Furthermore, the new Ruwais Conversion Park will take feedstock from both the Derivatives Park and other Ruwais assets to manufacture higher-value end products, including packaging materials, coatings, high voltage insulation and automotive composites. The Conversion Park, occupying another 3.6 square kilometres, will help create focused industry clusters, that can not only supply products and solutions using the derivatives and other facilities available, but will also utilise the proximity of an interconnected ecosystem to drive expertise, innovation and entrepreneurship.
Both the Ruwais Derivatives Park and Ruwais Conversion Park will act as a focal point for the global petrochemicals industry and will cement Ruwais's role as a key node in the global refining and petrochemical supply chain. Across both parks, in addition to supplying feedstocks, ADNOC will make available developed land, infrastructure, utilities and shared services at attractive rates to partners.
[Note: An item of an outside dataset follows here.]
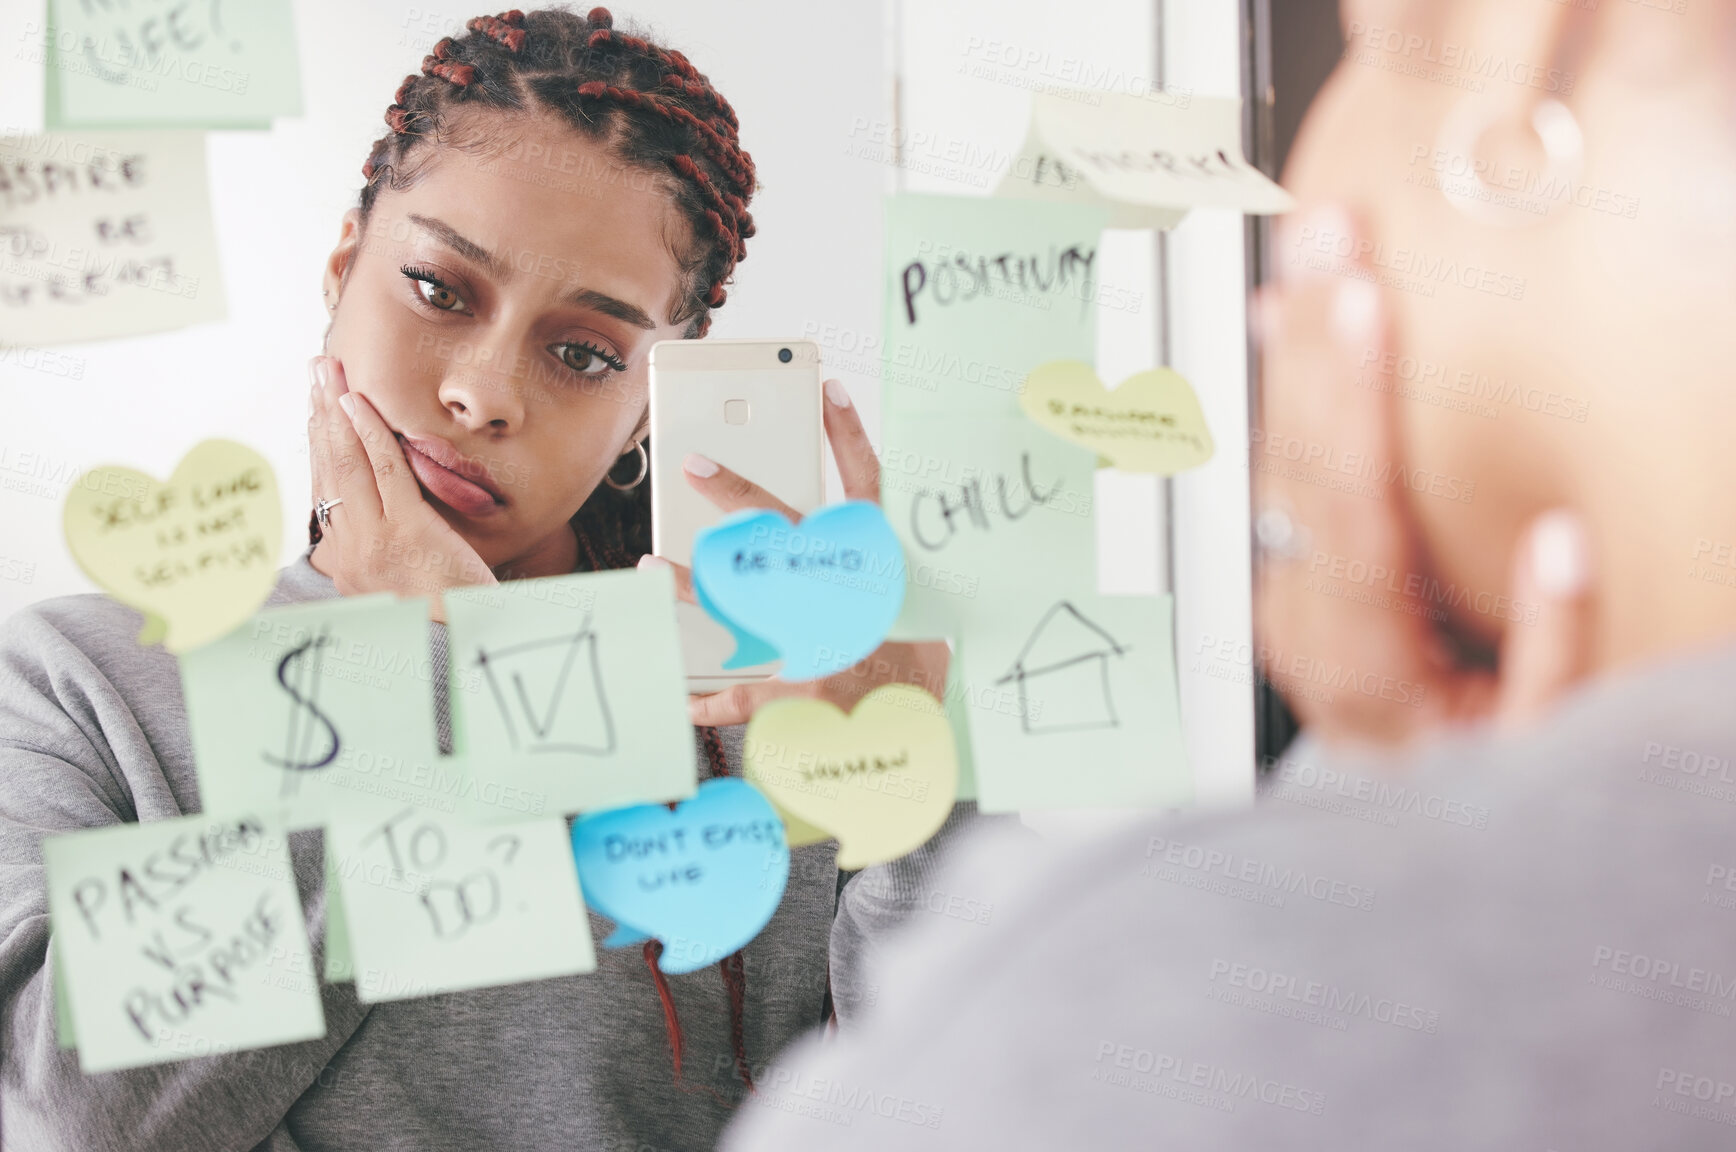 Buy stock photo Sad, depression and anxiety woman selfie with phone and reading sticky notes on a mirror in a room. Upset and unhappy girl reading motivational, positive affirmation and self care post it reminder.
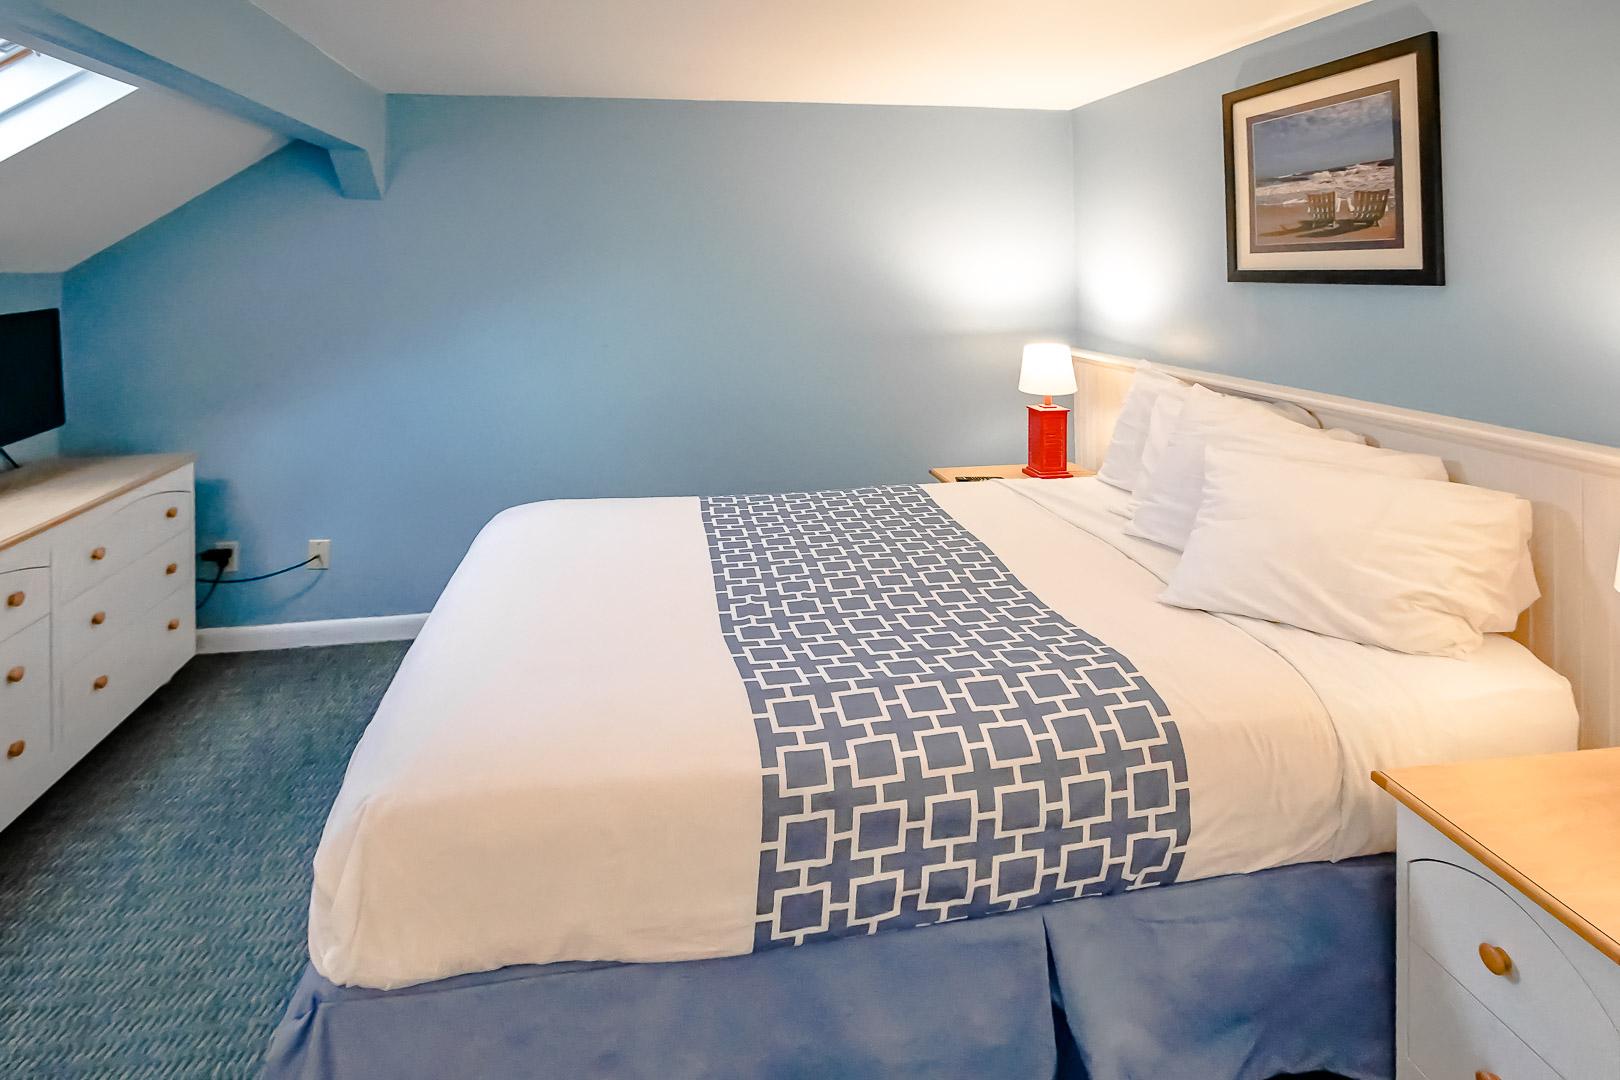 A master bedroom with a king size bed at VRI's Seawinds II Resort in Massachusetts.

As part of the overall Ruwais area development, ADNOC will undertake the significant expansion and development of Ruwais City to meet the increase in demand for housing and other facilities resulting from the significant enlargement of the Ruwais Industrial Complex. Along with new homes, ADNOC is also constructing infrastructure and community enhancement projects for Ruwais City that include the expansion of the public transport system and numerous community and other facilities such as new healthcare facilities, secondary and tertiary educational facilities, a central park and recreation spaces, a new mall, new beach facilities and a traditional souq.
Significant interest in the new investment and downstream partnership opportunities has already been expressed and discussions are now taking place with global energy companies and domestic investors.